Restaurant chain in China

Blue Frog Food and Beverage Management (Shanghai) Ltd., doing business as Blue Frog Bar and Grill (蓝蛙 (Lán Wā)), is a Western-style cuisine restaurant chain company in China. A member of AmRest, the company is headquartered in the Shanghai Free-Trade Zone in Pudong.

==History==
It was established in 1999 by Bob Boyce, an American from Harlowton, Montana, and its first restaurant was opened on South Maoming Road in Shanghai in 2002. That year, Boyce had purchased a restaurant operation from Kathleen Lau, a woman from Boston. Boyce arrived in China in 1994 for the purpose of developing his Chinese language skills. Lau had arrived in China in 1996 and started a restaurant that year in Guangzhou, where she had previously instructed courses for the English language. Boyce met Lau at her restaurant and the two collaborated on starting another restaurant.

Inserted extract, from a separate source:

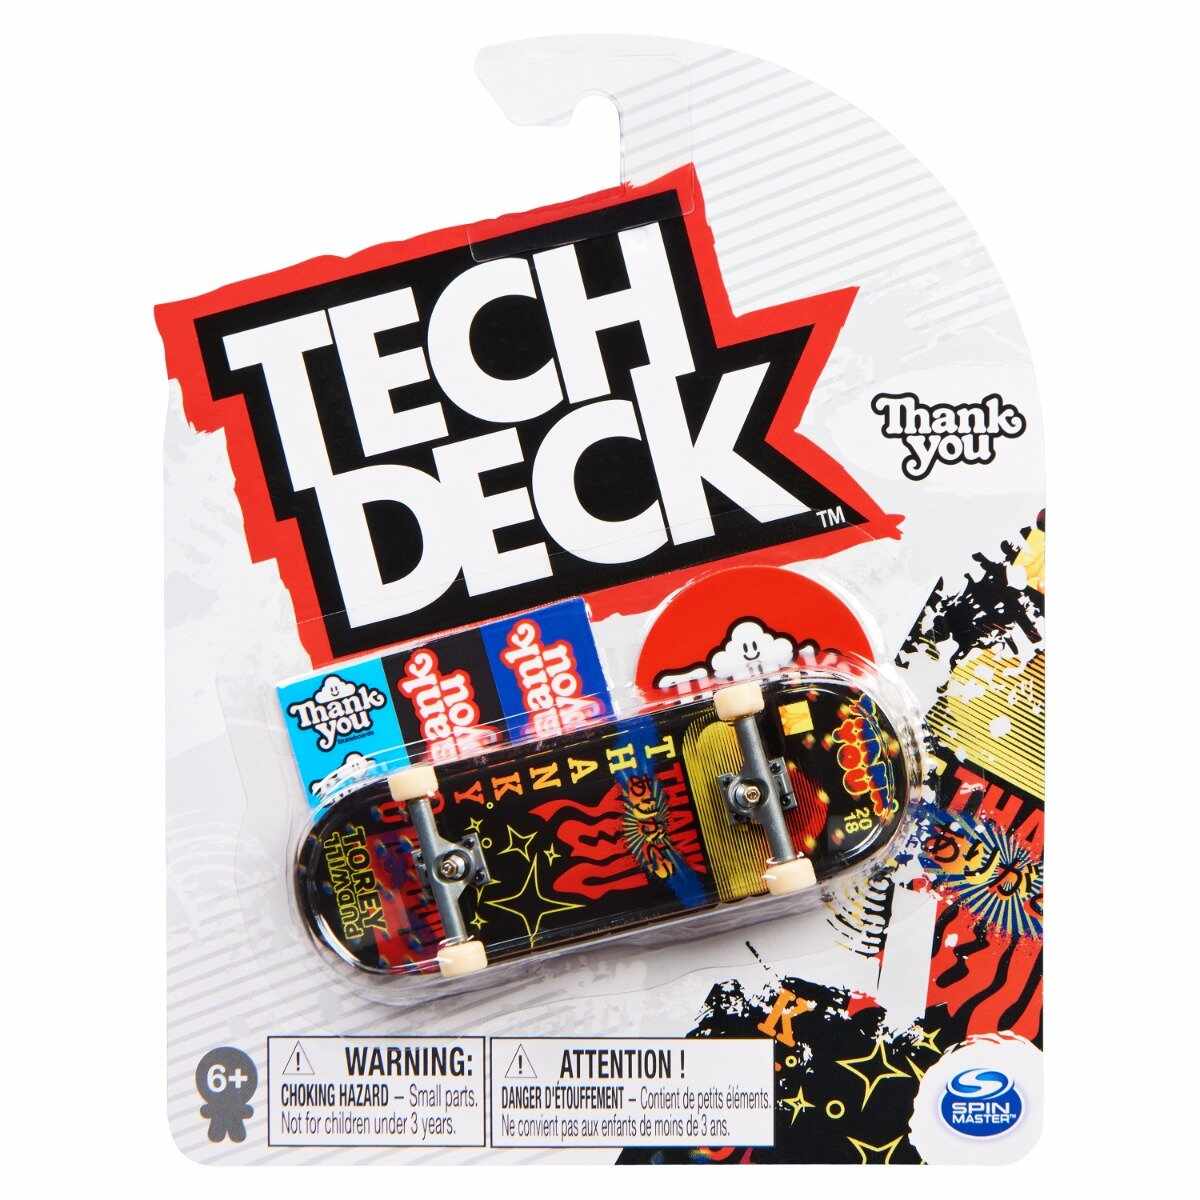 Mini placa skateboard Tech Deck, Thank You, 20141351

It established locations in shopping centers catering to upper class customers. In China beef hamburgers are usually eaten as luxury meals; the price of a typical Blue Frog hamburger, in 2017, was equivalent to 15 U.S. dollars. By 2015 the chain had a mapo tofu style hamburger. Circa 2015, there were ten Blue Frog restaurants in China.

Blue Frog became a part of the Blue Horizons Company, which also operated KAPP locations; KAPP is a bistro-style restaurant with a fancier operation.

== Locations ==
In 2015 Blue Frog operated 24 restaurants in seven cities.